Amitraz alterations in estradiol content in CNS of male rats | 55662
Journal of Clinical Toxicology

Journal of Clinical Toxicology
Open Access

ISSN: 2161-0495

+44 7868 792050

Amitraz alterations in estradiol content in CNS of male rats

9th Euro-Global Summit on Toxicology and Applied Pharmacology

June 22-24, 2017 Paris, France

Javier Del Pino, Matilde Ruiz, Paula Moyano, Maria Jesus Diaz, Gloria Gomez, Maria Jose Anadon, Margarita Lobo, Jose Manuel Garcia, Maria Teresa Frejo and Jimena Garcia

Complutense University, Spain
Alfonso X University, Spain

Posters & Accepted Abstracts: J Clin Toxicol

Abstract :

Amitraz is a formamidine insecticide/acaricide that alters different neurotransmitters levels, among other neurotoxic effects. Oral amitraz exposure (20, 50 and 80 mg/kg bw, 5 days) has been reported to increase serotonin (5-HT), norepinephrine (NE) and dopamine (DA) content and to decrease their metabolites and turnover rates in the male rat brain, particularly in the striatum, prefrontal cortex, and hippocampus. However, the mechanisms by which these alterations are produced are not completely understood. One possibility is that amitraz monoamine oxidase (MAO) inhibition could mediate these effects. Alternatively, it alters serum concentrations of sex steroids that regulate the enzymes responsible for these neurotransmitters synthesis and metabolism. Thus, alterations in sex steroids in the brain could also mediate the observed effects. To test whether amitraz alter sex hormones in the brain, we treated male rats with 20, 50 and 80 mg/kg bw for 5 days and then isolated tissue from striatum, prefrontal cortex, and hippocampus. We then measured plasma and tissue levels of estradiol (E2) and testosterone (T) in these regions. Our results show that amitraz treatment did not alter the content of E2 in plasma and T in the brain regions studied. However, amitraz induced a dose-dependent increase in T content in plasma and E2 content in the regions of prefrontal cortex, striatum and hippocampus from highest to lowest in this order.

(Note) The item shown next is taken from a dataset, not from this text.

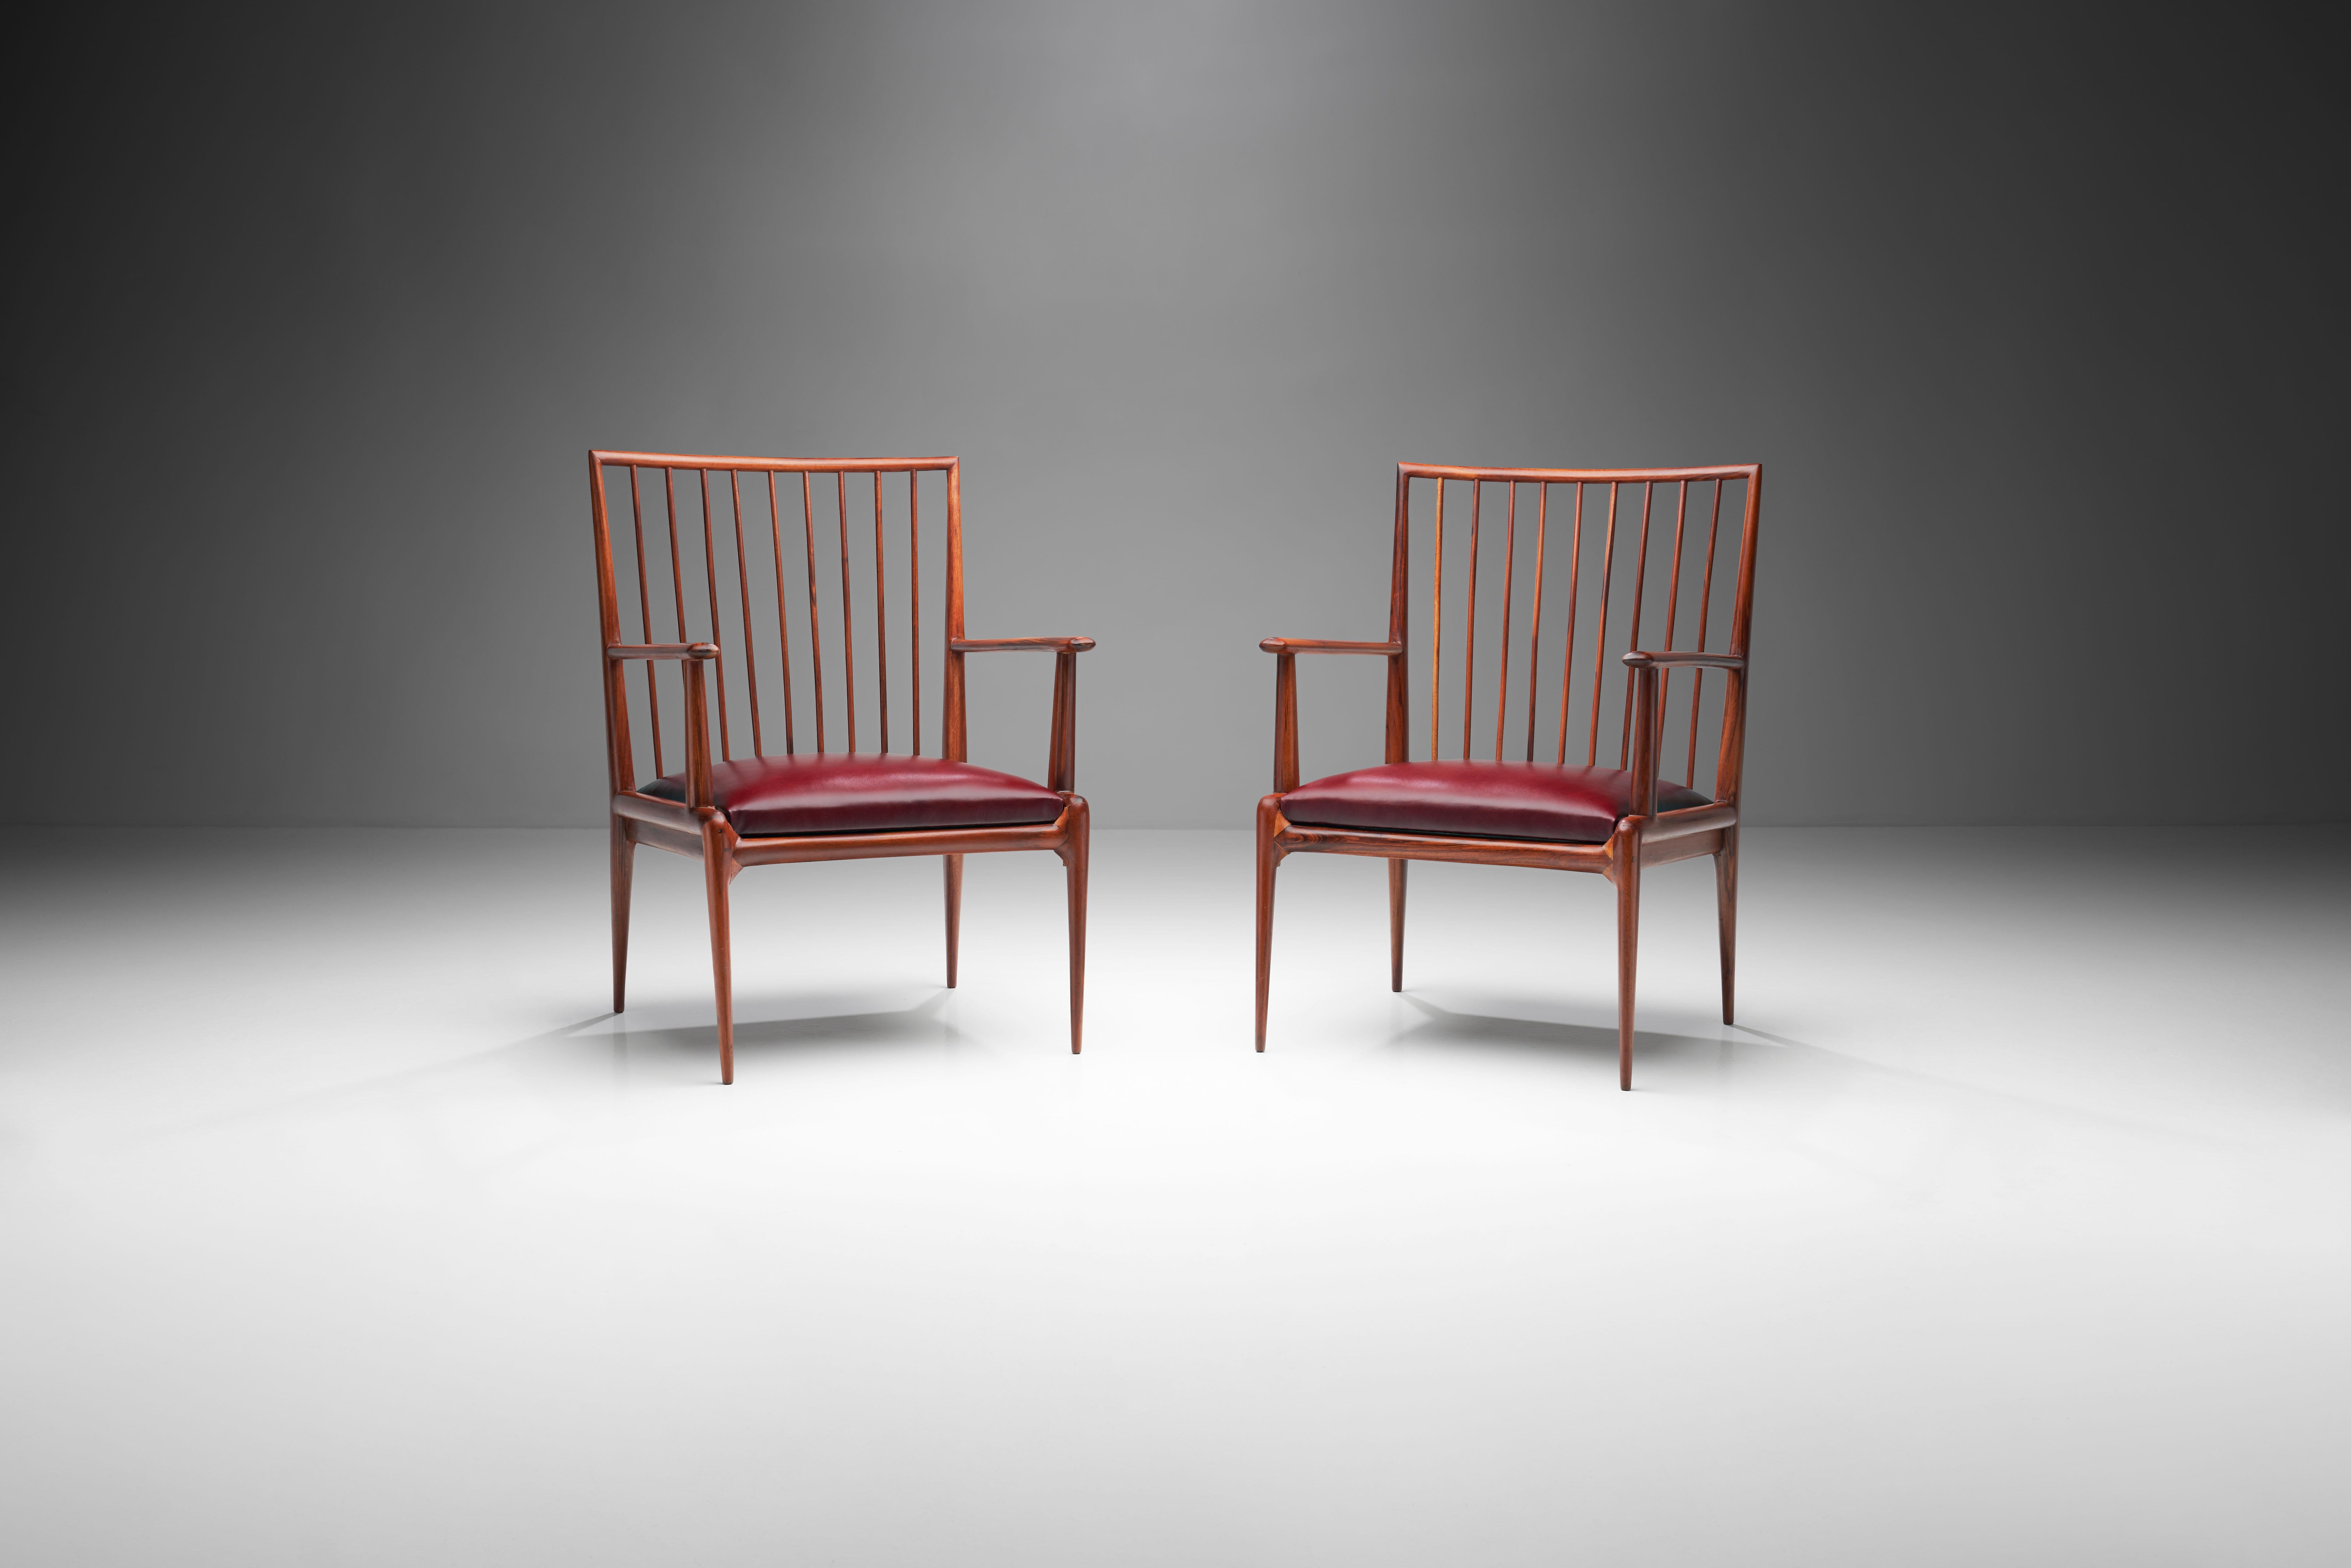 Mid-Century Modern Pair of Mid-Century Chairs by Branco & Preto 'Attr.', Brazil, 1950s For Sale
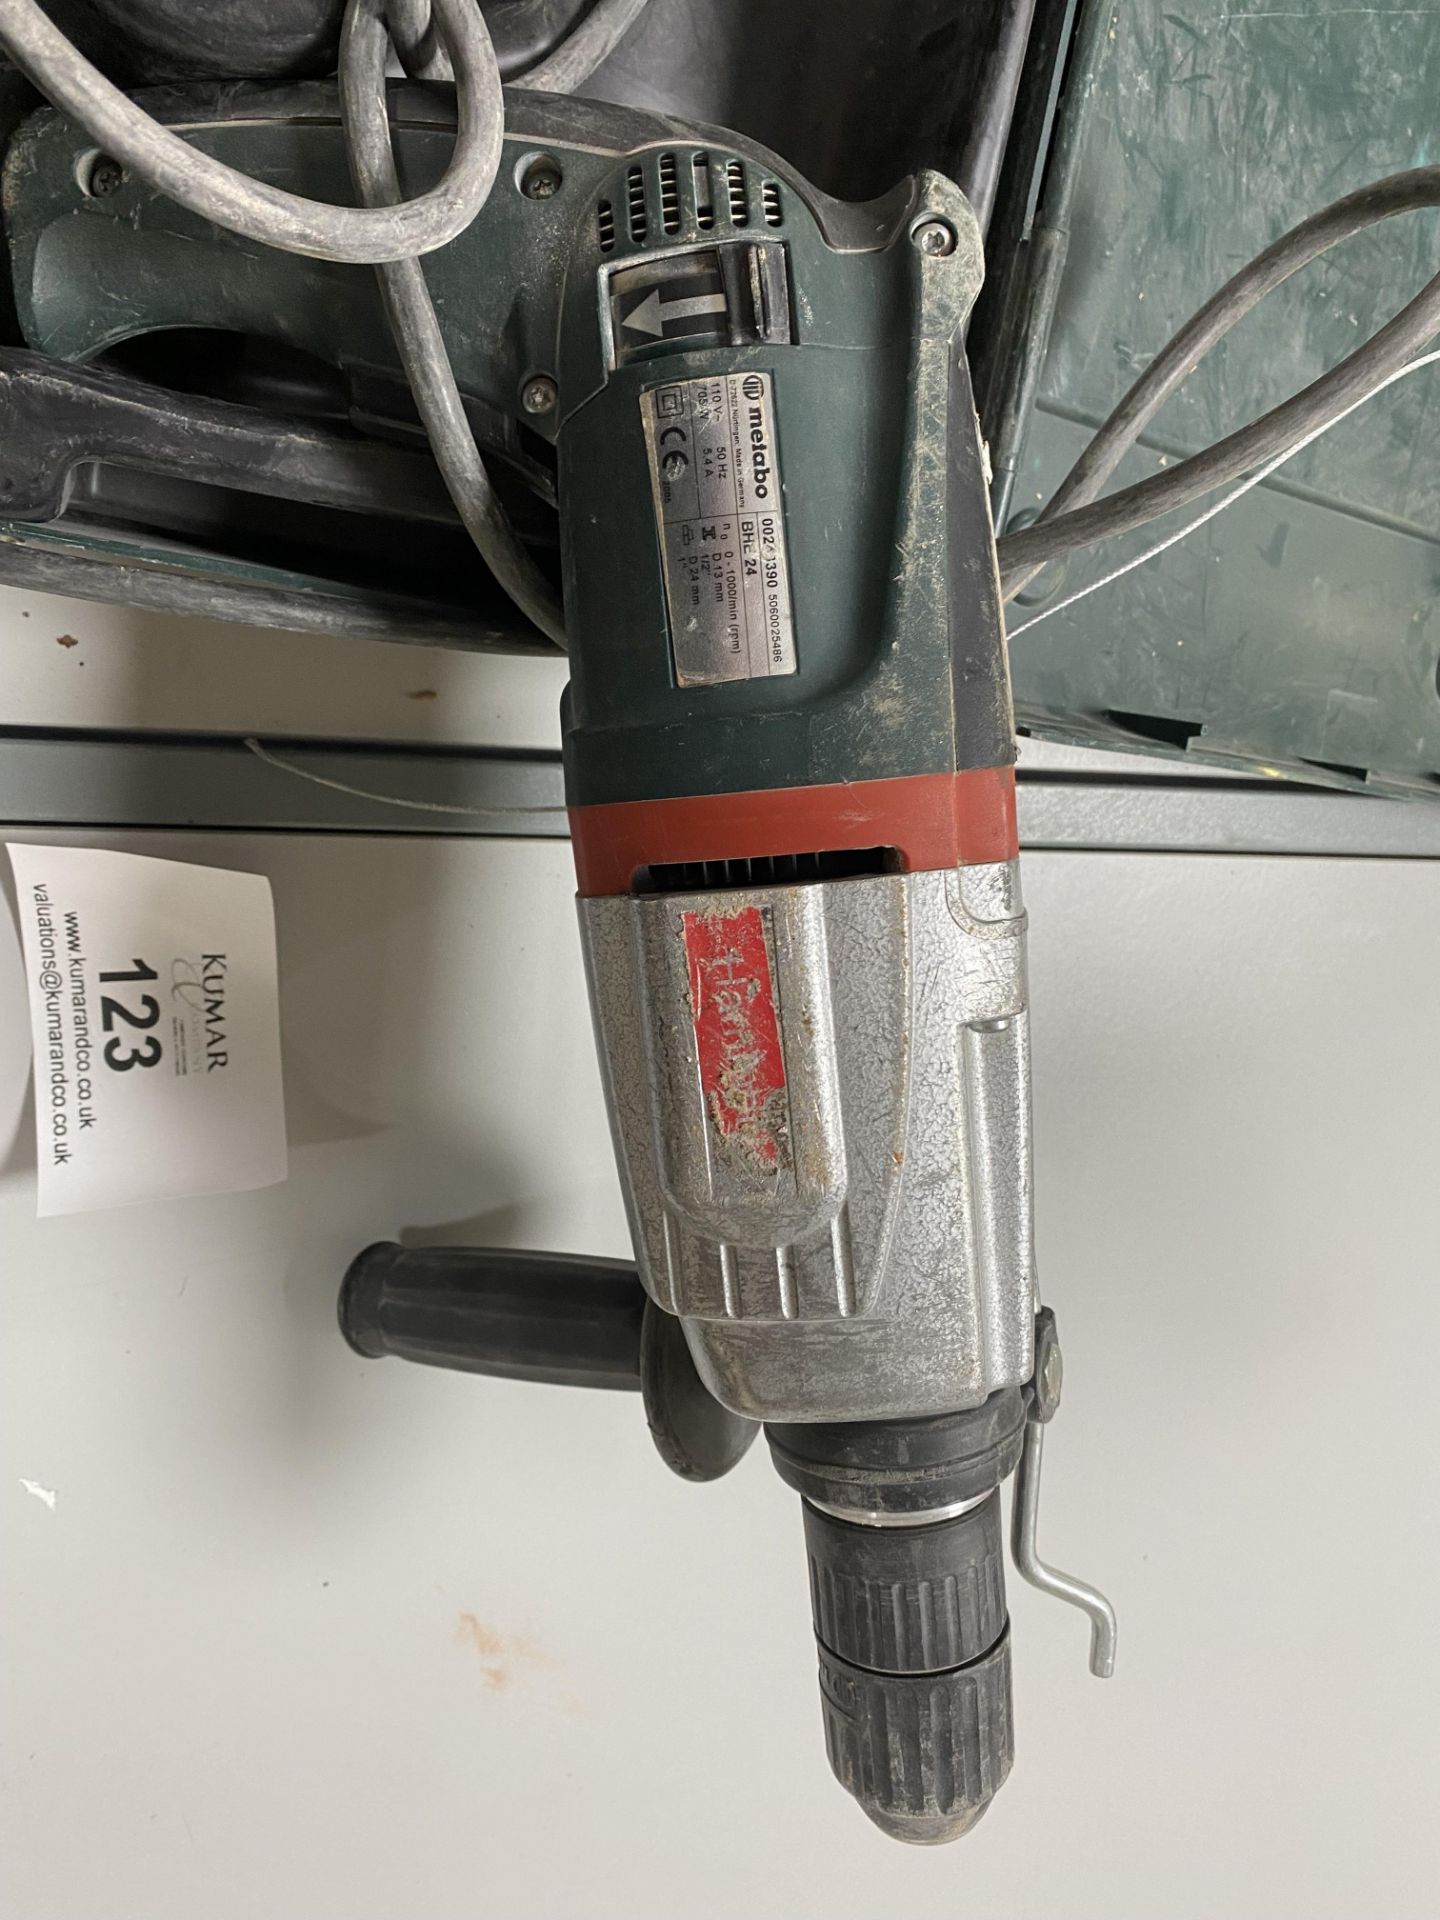 Metabo BHE24 110V Rotary Hammer Drill with Carry Case, Serial No. 00243390 - Image 4 of 7

Our present results provide new understanding of the mechanisms contributing to the harmful effects of amitraz.

Biography :

Javier Del Pino received his PharmD degree from the University Complutense University of Madrid in 2004. He has two Master degrees. He specialized in Neurotoxicology and Neurodevelopmental Toxicology and received his PhD in Toxicology in the year 2009. In 2010, he worked at the Institute of Health Carlos III in the National Center of Environmental Health. From 2010 to 2012, he was an Associated Researcher at University of Massachusetts (UMASS) working in Sandra Petersen’s Lab at a National Institute of Health (NIH) project on developmental effects of TCDD endocrine disruptor on sexual differentiation. In 2016, he became an Associated Professor of Toxicology at the Complutense University of Madrid.